Prestazioni chiave
Caratteristiche tecniche
Motore
- Cilindrata
- 321 cc
- Potenza
- 42.0 ch @ 10750 tr/min (30.9 kW)
- Coppia
- 29.4 Nm @ 9000 tr/min
- Tipo motore
- Bicylindre en ligne, 4 temps
- Raffreddamento
- liquide
- Rapporto di compressione
- 11.2 : 1
- Alesaggio × corsa
- 68 x 44.1 mm
- Valvole/cilindro
- 4
- Alberi a camme
- 2 ACT
- Alimentazione
- Injection
Telaio
- Telaio
- en acier de type diamond
- Cambio
- boîte à 6 rapports
- Trasmissione finale
- Chaîne
- Sospensione anteriore
- Fourche téléhydraulique inversée Ø 37 mm, déb : 130 mm
- Sospensione posteriore
- Mono-amortisseur, déb : 125 mm
Freni
- Freno anteriore
- Freinage 1 disque Ø 298 mm, étrier 2 pistons
- Freno posteriore
- Freinage 1 disque Ø 220 mm, étrier simple piston
- Pneumatico anteriore
- 110/70-17
- Pneumatico posteriore
- 140/70-17
Dimensioni
- Altezza sella
- 780.00 mm
- Serbatoio
- 14.00 L
- Peso
- 167.00 kg
- Prezzo nuovo
- 5 999 €
Presentazione
Chi se ricorda ancora delle piccole sportive timide, quelle CBR 250 e Ninja 250 quasi apologetiche che si orientavano in un mercato allora deserto? Hanno ceduto il posto a una nuova generazione, audace e fiera delle sue origini. La Yamaha YZF-R3 300 del 2020 ne è l'emblema: non si accontenta più di fare le piccole sorelle, vuole portare il blasone della famiglia con la stessa arroganza delle sue grandi sorelle R1 e R6.

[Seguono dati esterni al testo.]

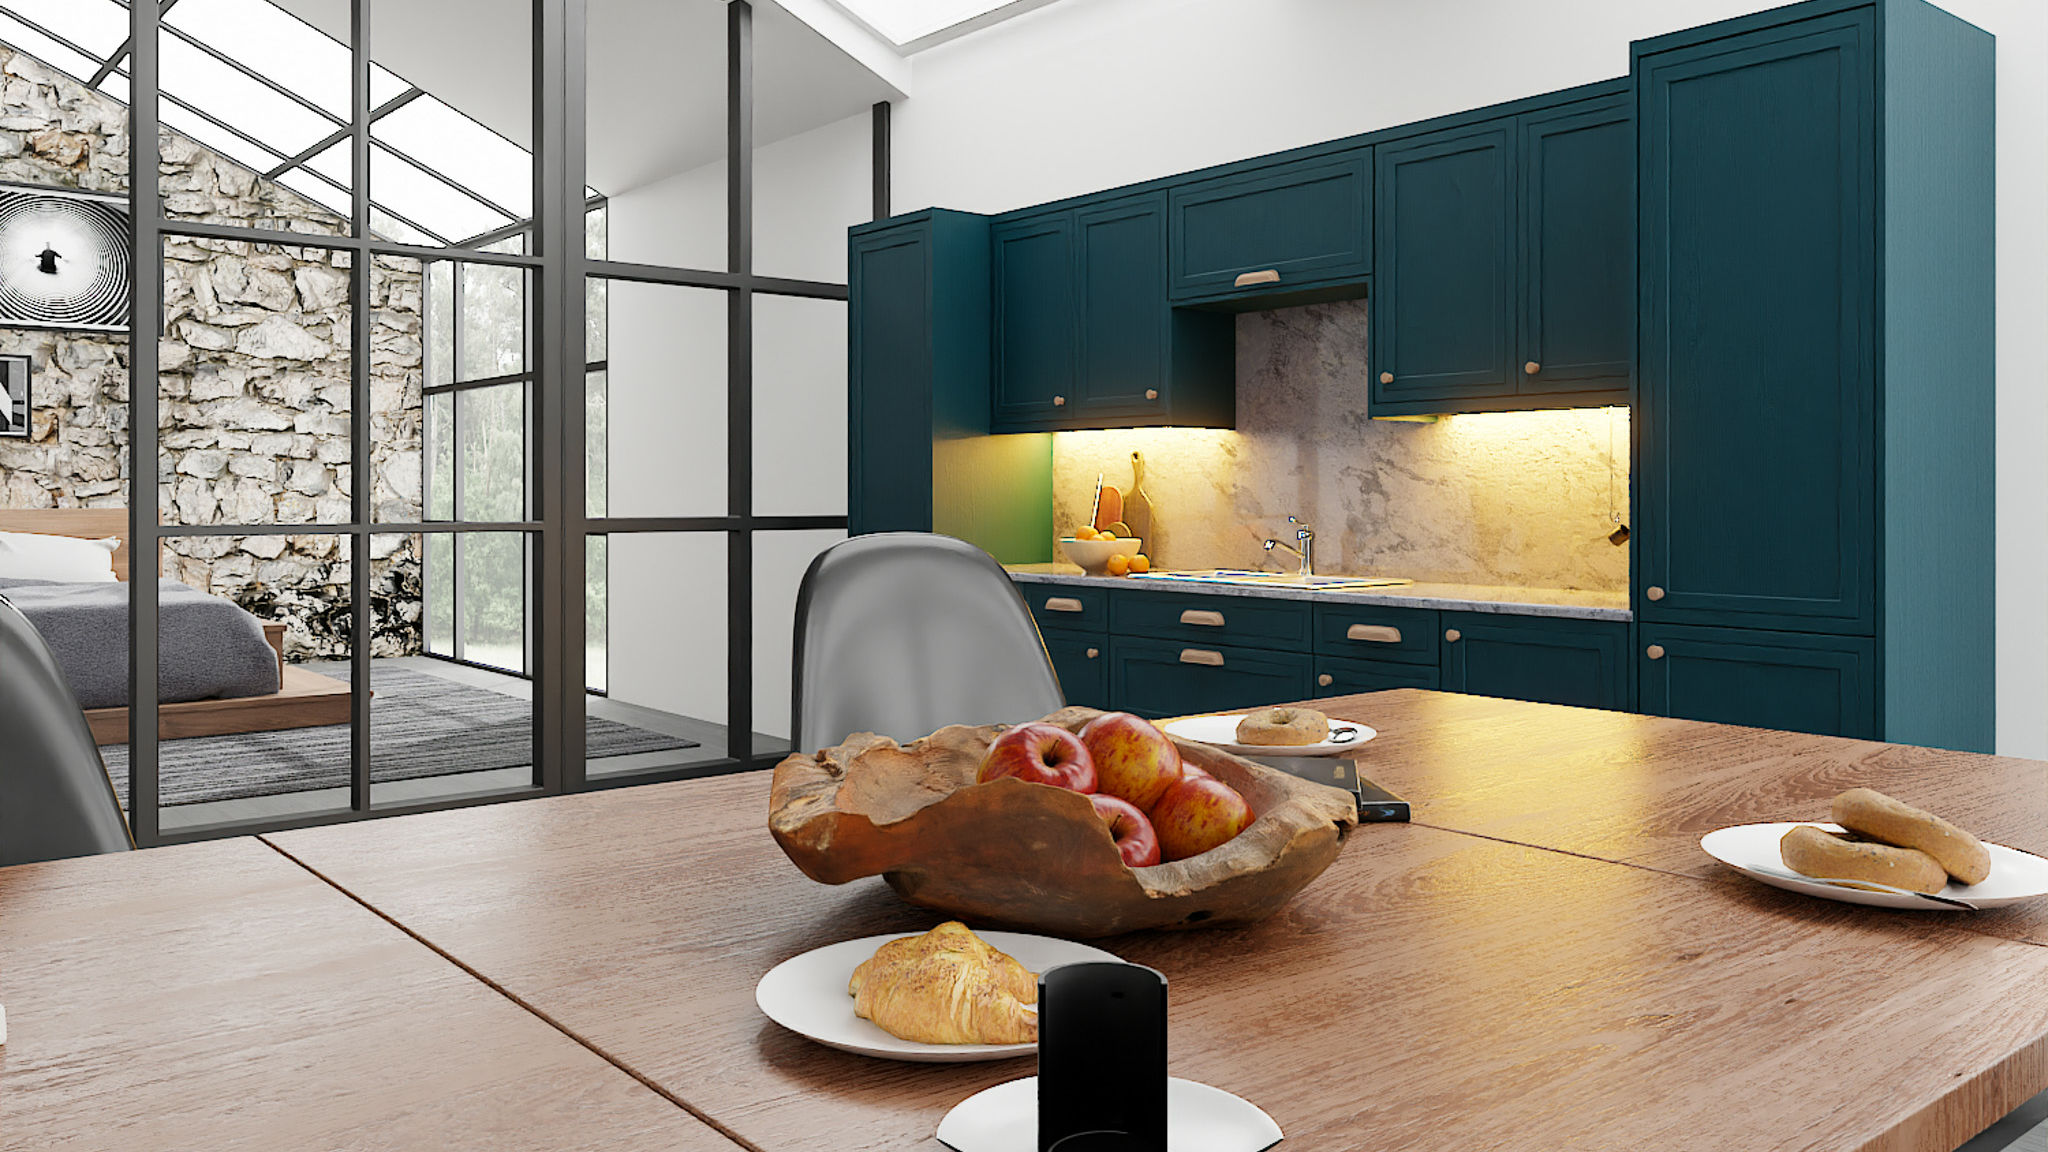 Mock Inframe Arrington Marine kitchens designed to imitate a bespoke inframe look in an elegant marine blue

Il suo volto è un manifesto. Questo frontale aggressivo, queste linee carenate che sembrano aspirare l'aria, questo sguardo LED penetrante, tutto ricorda che nella dinastia YZF non si scherza con l'estetica M1. Yamaha ha persino calcolato una resistenza aerodinamica ridotta del 7%, il che dovrebbe offrirle circa 8 km/h in più di velocità massima, flirtando con i 170 km/h. Ma dietro questa maschera di grande sportiva, la R3 rimane una macchina accessibile, con un'altezza della sella di 780 mm che non traumatizza i principianti e un peso di 167 kg a pieno carico che la rende maneggevole.
Il cuore della belva rimane il bicilindrico da 321 cm3, un motore che non è stato rivoluzionato ma che sa fare il suo dovere. 42 cavalli a 10750 giri/min e 29,4 Nm di coppia a 9000 giri/min: non è un razzo, ma è preciso, lineare, e incoraggia a giocare con la scatola dei sei rapporti. La vera evoluzione per il 2020 si trova nel gruppo anteriore. Yamaha ha installato una forcella a steli rovesciati da 37 mm, più rigida, più imponente visivamente. Non è regolabile, ma su questa moto che si colloca tra la sportiva e la sport-GT, è un compromesso accettabile. Una forcella di alta gamma avrebbe fatto lievitare il budget, e il prezzo di 5999 euro rimane un argomento di peso di fronte alla concorrenza, come la Kawasaki Ninja 400.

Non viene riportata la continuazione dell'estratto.